A couple of questions please. Do you own a TouchPad? If so, why don't you post your experience on how this has worked on yours. Did you create the Touch version, or are you just passing it along from Koush? For some reason, you are not getting much feedback even though you say that 200 folks have downloaded the non-touch version. I don't think folks understand the sideload option including myself. Maybe a more detailed explanation of how one installs using the sideload option and adb along with some screenshots of what it looks like. For example, to use adb, do I have to place the TouchPad in WebOS recovery? Really appreciate your efforts, but you are going to have to better explain why a user would want to use this vs. J.C. Sullins cwm6 or twrp. If the sideload option is the only real difference, you are going to have to do a little more work to sell it. And good luck.


----------



## Remolten (Feb 24, 2012)

sstar said:


> @Remolten,
> 
> A couple of questions please. Do you own a TouchPad? If so, why don't you post your experience on how this has worked on yours. Did you create the Touch version, or are you just passing it along from Koush? For some reason, you are not getting much feedback even though you say that 200 folks have downloaded the non-touch version. I don't think folks understand the sideload option including myself. Maybe a more detailed explanation of how one installs using the sideload option and adb along with some screenshots of what it looks like. For example, to use adb, do I have to place the TouchPad in WebOS recovery? Really appreciate your efforts, but you are going to have to better explain why a user would want to use this vs. J.C. Sullins cwm6 or twrp. If the sideload option is the only real difference, you are going to have to do a little more work to sell it. And good luck.


.

Yes, I own a 32GB TP and this this version of CWM works perfect for me. I built the Touch version but I didn't create it. I don't know Koush at all and have no contact with him. As for the downloads, I'm guessing I'm not getting feedback because I'm unknown (and probably untrusted). 300+ Downloads now.

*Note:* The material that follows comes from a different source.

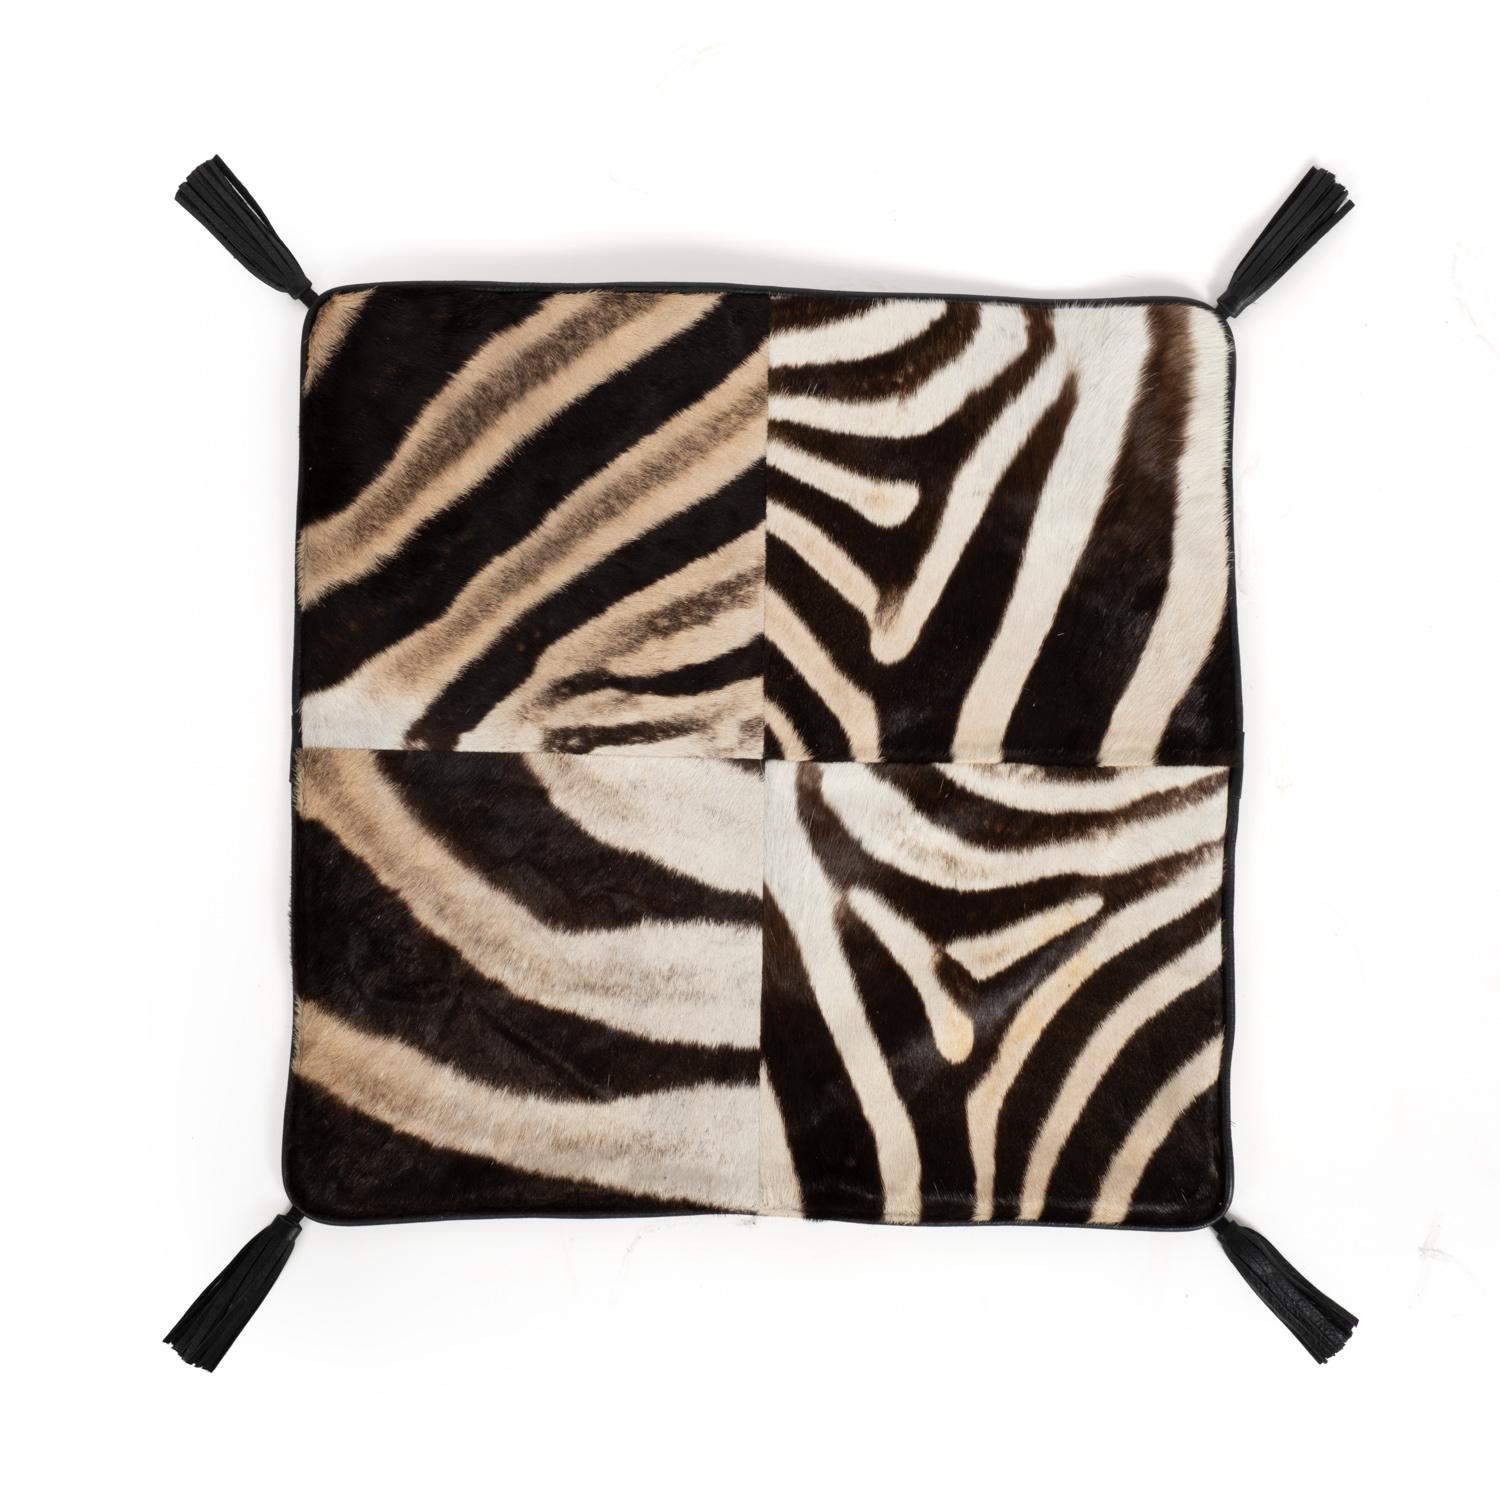 Effortlessly blending textures and natural materials, this pillow is handcrafted of ethically and sustainably sourced Zebra Hide with solid natural linen fabric on the reverse. A feather-and-down insert ensures long-lasting comfort. Due to the use

The sideload option is this. If you have the Touchpad connected to your computer (with adb installed) you can connect to it via the terminal/command prompt by running the command "adb". If you run "adb devices" it shows all the capable devices connected. To use the adb sideload feature, run "adb sideload zip_name" to install a zip directly from your computer. The advantage of this is you don't have to manually transfer it to the Touchpad but can rather directly install it. Of course this won't help if you download everything on the Touchpad. Hopefully this clarifies what this feature is. Ask if you have questions.

I would recommend this because 1. It has the added option 2. The latest version of CWM many under the hood changes/improvements 3. Bigger icons (







) and hopefully upcoming touch. If you don't care about any of those, (I bet you'll like the touch when it's ready though) then I recommend using TWRP 2.4.1.0.

I hope this is what you guys want to know. Touch soon.


----------



## sstar (Jul 31, 2012)

Remolten 
What problems did you have with TWRP please. 
And you don't use your own recovery!!!

Sent from my Touchpad using Tapatalk 2


----------



## Remolten (Feb 24, 2012)

sstar said:


> Remolten
> What problems did you have with TWRP please.
> And you don't use your own recovery!!!
> 
> Sent from my Touchpad using Tapatalk 2


TWRP is currently causing data loss and is in general just glitching for me after version 2.4.1.0.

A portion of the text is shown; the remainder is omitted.